Irwin Brandon got even.

Brandon, who worked as a ticket-taker at Ebbet’s Field from 1946-’48 and saw almost every home game during Jackie Robinson’s illustrious debut season, decided on that day in 1957 that if the Dodgers were going to rip out his heart and stomp on it, he’d rip baseball out of his life.

So, for 44 years Brandon simply ended his relationship with professional baseball. While all his friends from James Madison High School found other teams to support, Brandon avoided pro baseball stadiums like they were toxic waste dumps. He did not attend (OR WATCH) a baseball game since.

“It was pure outrage,” he said from a box seat at Keyspan Park the other night, as he took in his first baseball game in 44 years. “I was so furious at the evil [Dodgers owner] Walter O’Malley that I said that professional baseball will not take a dime of my money ever again.”
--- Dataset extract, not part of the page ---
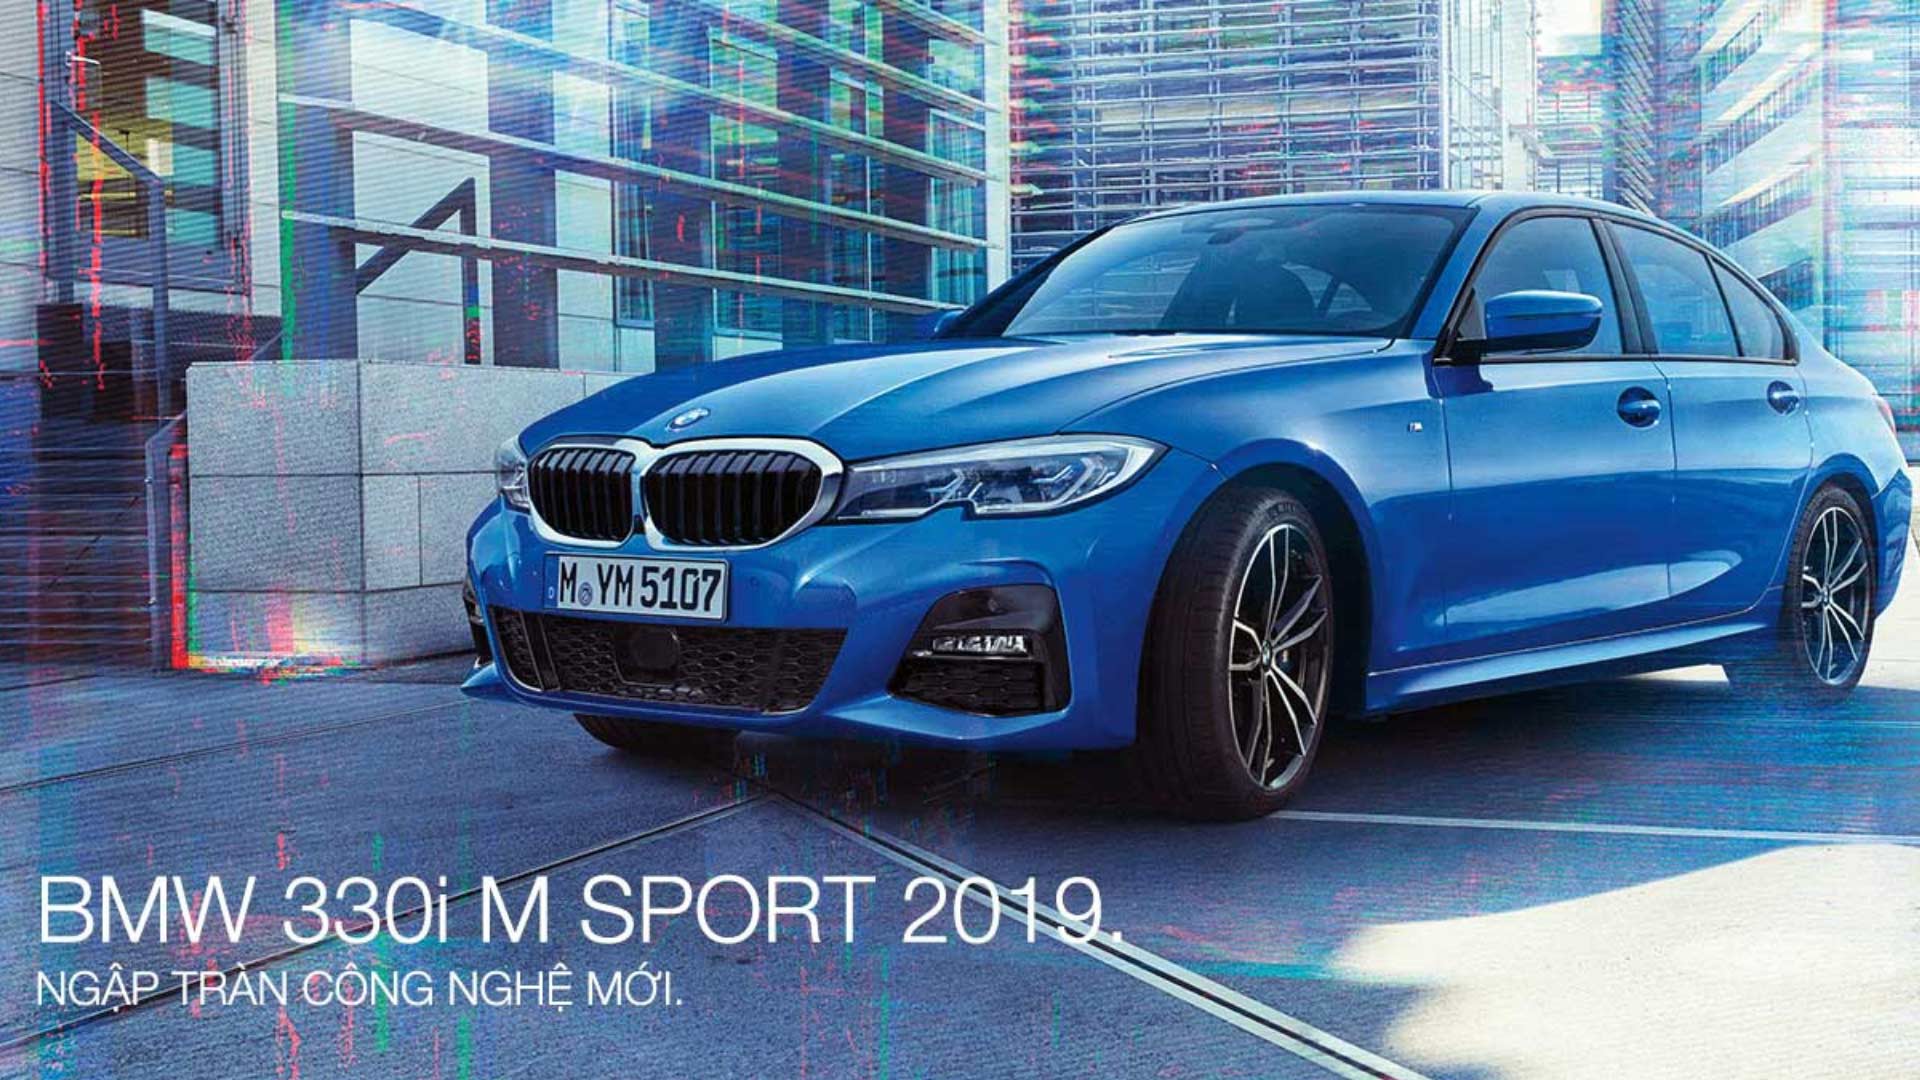 BMW 330i SportLine về Việt Nam rẻ hơn 200 triệu đồng

When you go to a lot of Cyclones games, you meet plenty of Brandon’s peers, guys who said they died on the day that the Dodgers left. But few went to Brandon’s extreme. “I guess I was just angrier,” said Brandon, who started going to games when he was at the perfect baseball age (8) in the perfect baseball year (1940). “Going to Dodgers games was like going to the grocery store. It was part of the fabric of your life. I’m the last angry man.”

He was finally coaxed back into a pro baseball stadium (albeit minor-league) thanks to his friendship with a Cyclones co-owner, who promised him that a night at Keyspan Park would take him back to his glory days.
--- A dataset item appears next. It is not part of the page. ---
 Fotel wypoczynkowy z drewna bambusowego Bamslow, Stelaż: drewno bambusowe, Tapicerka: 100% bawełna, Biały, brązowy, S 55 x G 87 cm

“I do like this stadium,” said Brandon, who is a headhunter on Wall Street by day (and, considering the stock market nowadays, the old Brooklyn cry, “Wait ’til next year!” comes to mind). “This park is very intimate, just like Ebbet’s Field. But I don’t think I can go back to a major-league game yet.

“Unless,” he said, smiling, “they bring pro baseball back to Brooklyn.”

Getting suited up

First baseman Jay Caligiuri took advantage of the rare Cyclones day off this week to take advantage of the largesse of one of Keyspan Park’s most conspicuous advertisers, Garage Clothing — the company with the “Hit Sign, Win Suit” advertisement on the left-centerfield wall.

Caligiuri is the only Cyclone to hit the sign this year, so Wednesday found him — and a female friend — at Louis Bisaquino’s clothing store in Bensonhurst picking out shiny new duds.

“I’m bringing my friend along because you should always have a girl with you when you’re picking out clothing,” Caligiuri said.

“But I’m thinking of a fancy, double-breasted Italian job.” (Here’s hoping that the friend steered him back into sanity.)

Magic is back

Now that the Cyclones have secured a playoff spot, clinched with Tuesday’s win, all that’s left is locking up the New York-Penn League’s McNamara Division from the second-place Staten Island Yankees.

The magic number is three, meaning that any combination of Cyclone wins or Yankee defeats totaling three brings the division pennant to Brooklyn — the borough’s first since the Dodgers won the National League in 1956.

The Yankees lead the pesky Pittsfield Astros by three games with seven left to play. Stay tuned.

Coach Franco

While John Franco said he’d happily take a coaching job when he retires from the Mets, he would prefer it to be with the Mets — and not his hometown Brooklyn Cyclones.

“I’ve thought about it, and it’s something I’d like to get into,” he said.

“But I’d have 20 years in the bigs. With all that experience, the big leagues would be nice.”

Franco added that he approved of his likeness on the free bobblehead doll given out at the game in his honor last week.

“It’s pretty close,” he said.

Transactions

Vladimir Hernandez was promoted to the Mets’ Class-A team in South Carolina to replace former Cyclone David Garcia, who broke his hand. Infielder Sean Pittman, who was hitting .320 at Kingsport, and righty pitcher David Mattox (5-1, 2.40 ERA) have joined the team.